Efficient multiplexer synthesis is a challenging problem in conventional technologies [10]. Multiplexers are circuits that are used to select one from many data lines, based on the value of the control signals. Multiplexers are used in a wide variety of applications such as signal routing, data communications and data bus control. Priority multiplexers find applications where the selection lines have a defined priority and based on the priority of the selection lines, the data signal is chosen.

This paper presents the efficient implementation of multiplexer and priority multiplexer using 1 S 1 R arrays, with an optimal delay of $O\left(\log _{2} n\right)$ cycles, where $n$ is the number of control signals, for both circuits. We also present the results of circuit-simulation of the proposed schemes by using VerilogA models of the ReRAM devicess and analysis of the circuits
in terms of number of devices, number of cycles and energy consumption.

## A. Logic Operations of 1 S1R devices

The ReRAM device is operated using two input lines - the wordline $w l$ and bitline $b l$ which modifies its internal state $S$. In Fig. 1, the truth table of a CRS-logic device is shown.
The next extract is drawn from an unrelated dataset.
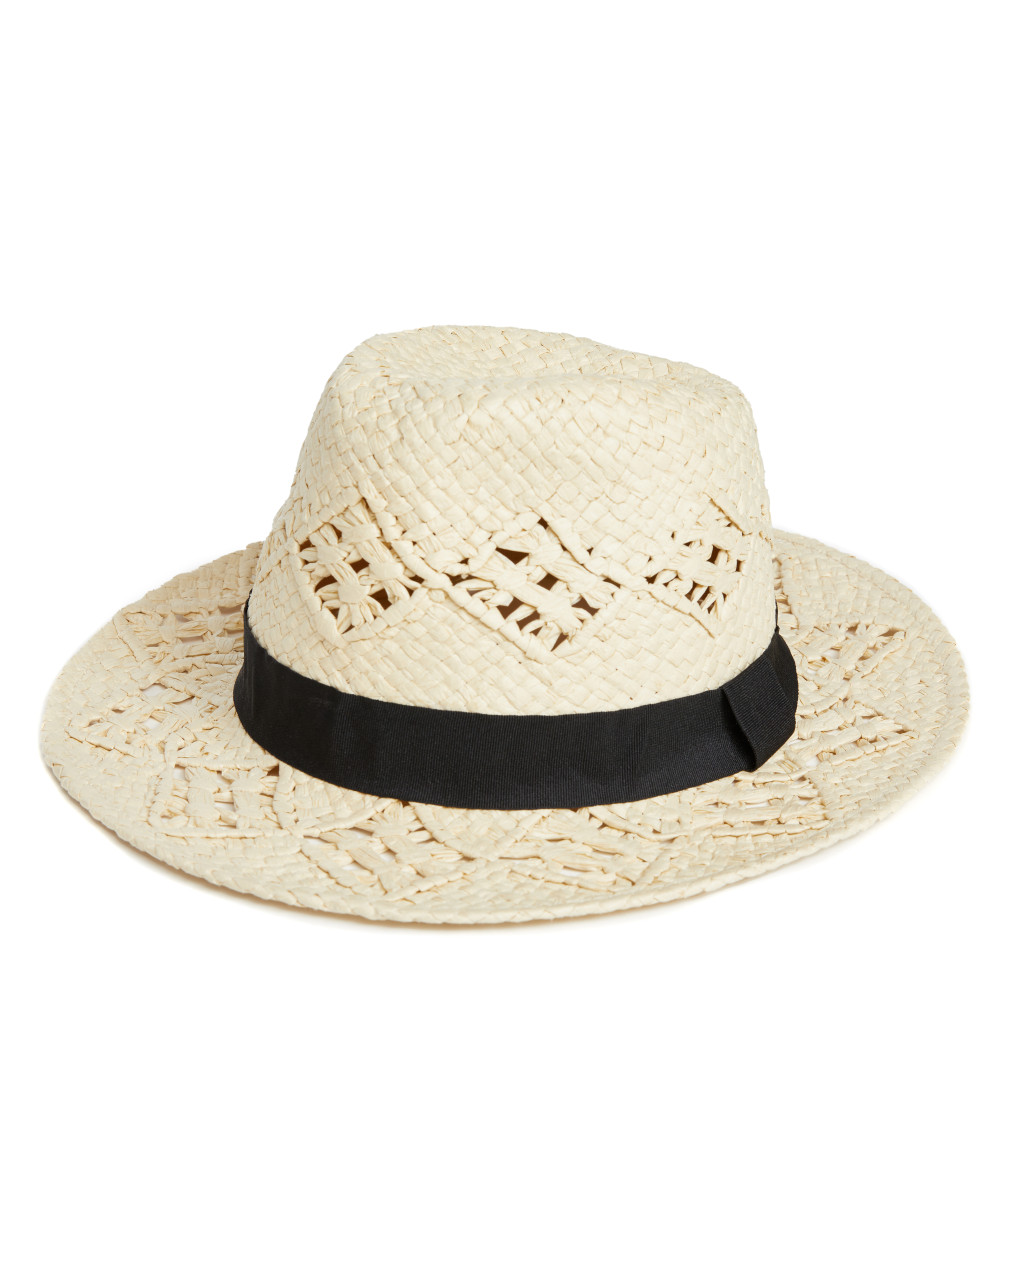 Straw Fedora with Open Weave Pattern

The state switches only for two input combinations, which is also clearly observable in the FSM.


Fig. 1: 1S1R device logic operation realizing Majority.
It can be observed that next state $N S$ of the device is nothing else but the function $M_{3}(S, w l, \overline{b l})$ [8], where $M_{3}$ is the 3 -input Boolean majority function. Thereby, the internal state $S$ of the device acts as an input when computation of the next state $N S$. The Boolean majority function along with invertor is a universal logic operator and therefore can be utilised to implement any Boolean function. In this work, the challenge is to efficiently implement the multiplexer functionalities with $M_{3}$ operator. A further challenge is to minimize the device count and overhead of crossbar array operations, which directly results into the area complexity.

## II. MUltiplexer

A multiplexer (MUX) with $2^{n}$ input data signals requires $n$ control signal to select the desired input signal. We explain the working principle of a 4-input multiplexer and its implementation using 1S1R arrays, which can be extended to a general case. The schematic of a 4-input multiplexer is shown in Fig. 2 (a) and the corresponding Boolean equation presented in (1).

$$
\begin{equation*}
f_{4}=\overline{s_{0}} \cdot \overline{s_{1}} \cdot a_{0}+\overline{s_{0}} \cdot s_{1} \cdot a_{1}+s_{0} \cdot \overline{s_{1}} \cdot a_{2}+s_{0} \cdot s_{1} \cdot a_{3} \tag{1}
\end{equation*}
$$

, where $a_{j}$ represent the data signals and $s_{i}$ are the control signals. Operators . and + represent Boolean AND and OR operations respectively. $\bar{a}$ represents the negated value of Boolean variable $a$.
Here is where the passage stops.